Your burning spa questions answered.
• I have never been to a spa and I have no idea what to expect. What do I do? First of all, take a deep breath and remember that you are the customer, and any good spa wants you to be happy. Many spas that have Web sites include handy little tip sheets, so check those out. Call ahead and ask questions. Don't be shy to say you're a newbie. Just about everybody who loves their work also loves to talk about it; salon and spa operators are no exception.
• Do I keep my underwear on? If you're getting a massage, you'll want to remove your bra, because it will get in the way, and massage oils may mess up your bra. Many facials include a shoulder and chest massage, so slip off your bra for that, too. This is why spas give you a robe. As for underpants, that's up to you. Therapists can work around underwear. But if you can go without, you'll give the therapist easier access to tight hip flexors, a real problem for people who sit most of the day.

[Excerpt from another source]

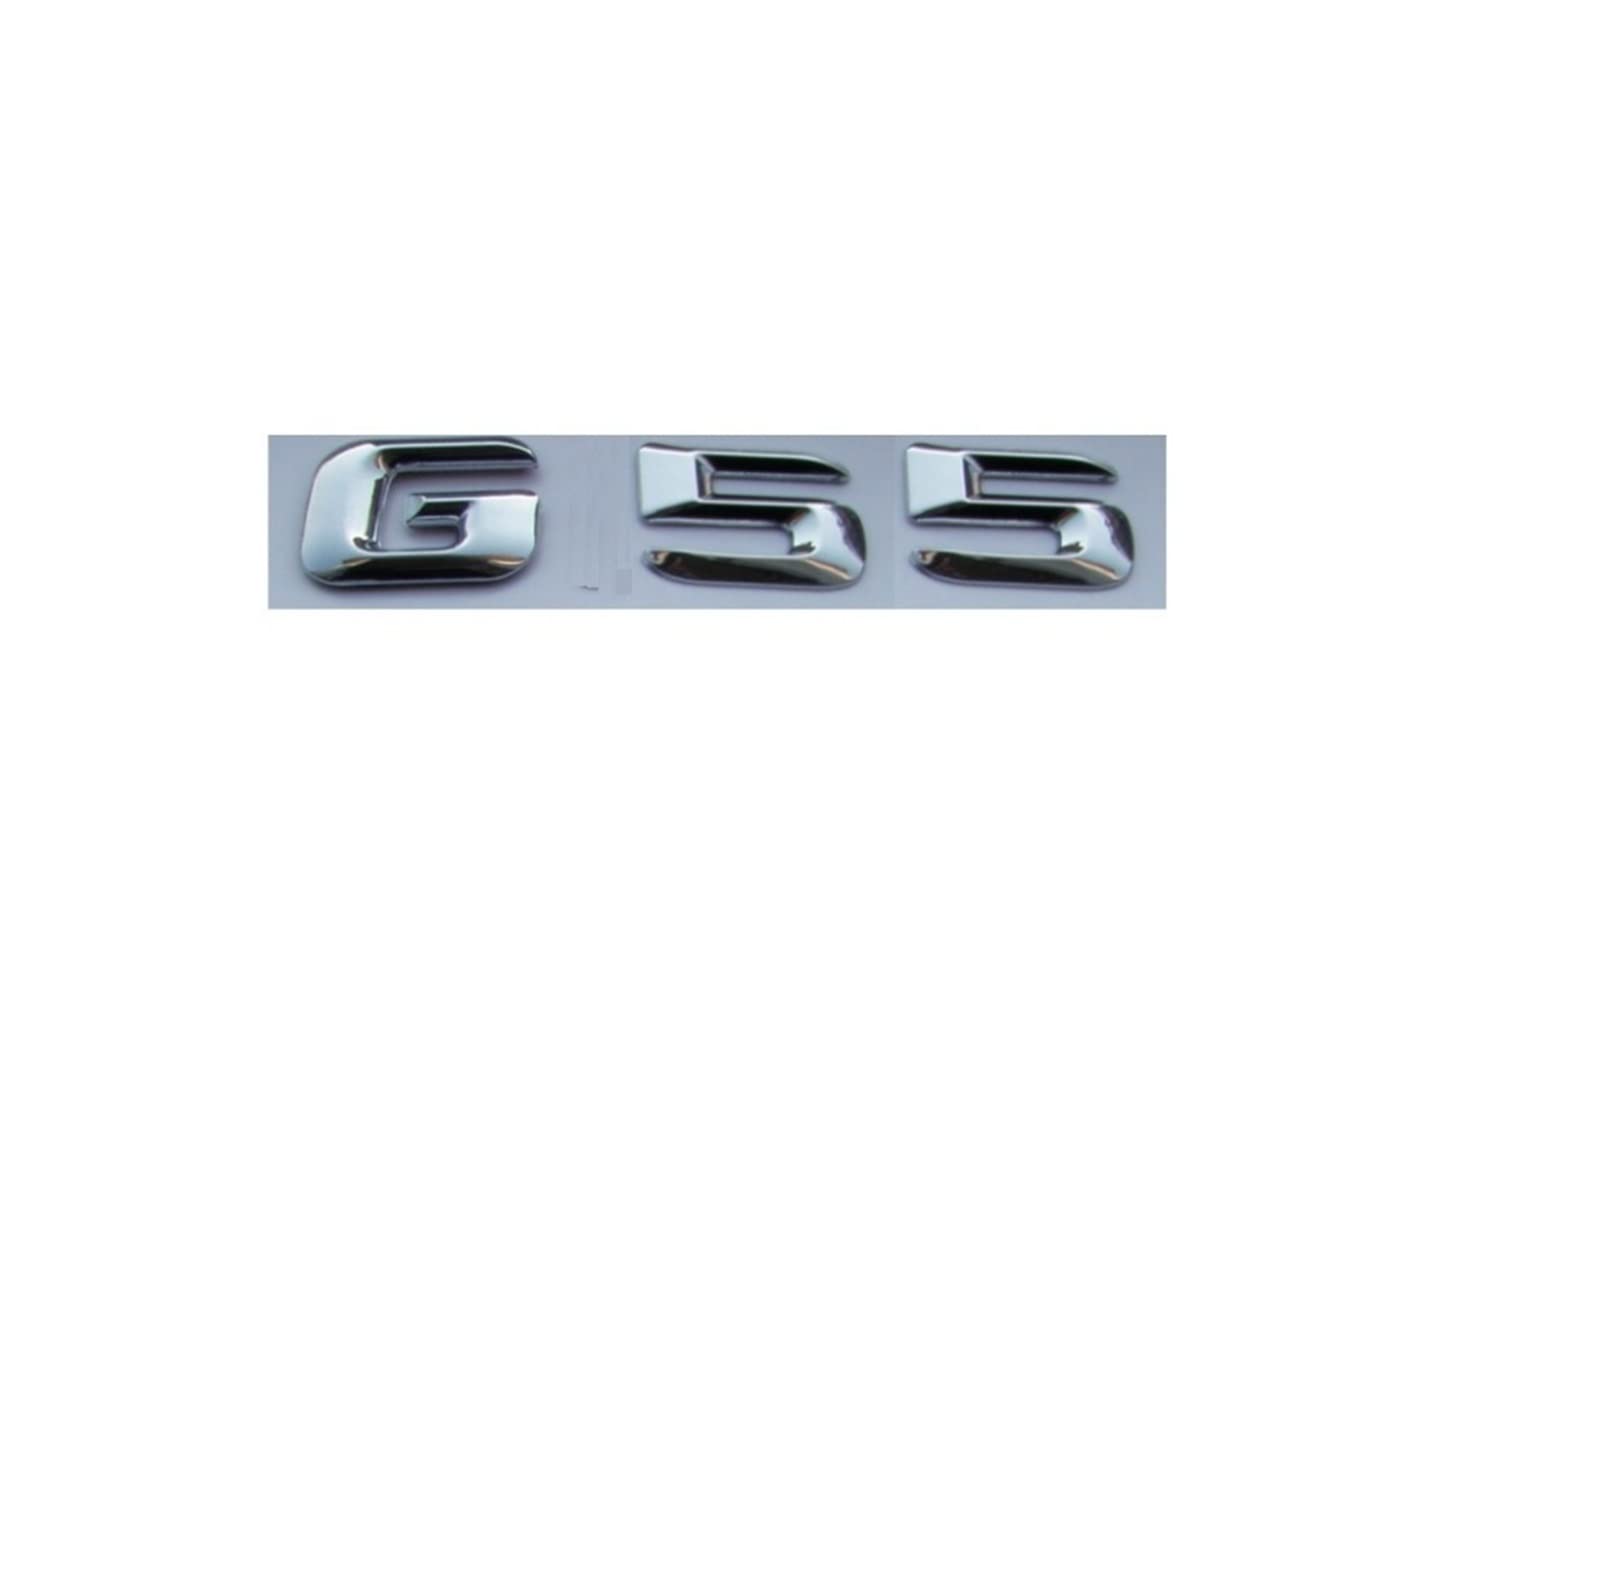 LHYFAGQK Chrom-glänzendes silbernes ABS-Autokofferraum-hintere Zahl-Buchstaben-Wörter-Abzeichen-Emblem-Aufkleber-Aufkleber, kompatibel mit Mercedes Benz G55 AMG Abzeichen Autoaufkleber von LHYFAGQK

• What if the massage therapist is pressing so hard it hurts? Is it supposed to? If you're not into pain — or if you want a deeper massage than you're getting — speak up. Therapists, like spouses, cannot read your mind.
• I want a massage, but really, nobody needs to see me naked. We'll let Sheila Bracewell, Innisbrook's spa and fitness director, take this one: "I have seen thousands of bodies, and not one of them is perfect. We're not looking at your body for imperfections. We're thinking about how we can help you.''
• Okay, but what if I get a male therapist? It's perfectly fine to specify gender when you make your appointment. In fact, Bracewell said, spas expect it. What does she ask for when she makes an appointment at a place she's never been? "I say, 'I want your best therapist. I don't care if it's a man or a woman.' "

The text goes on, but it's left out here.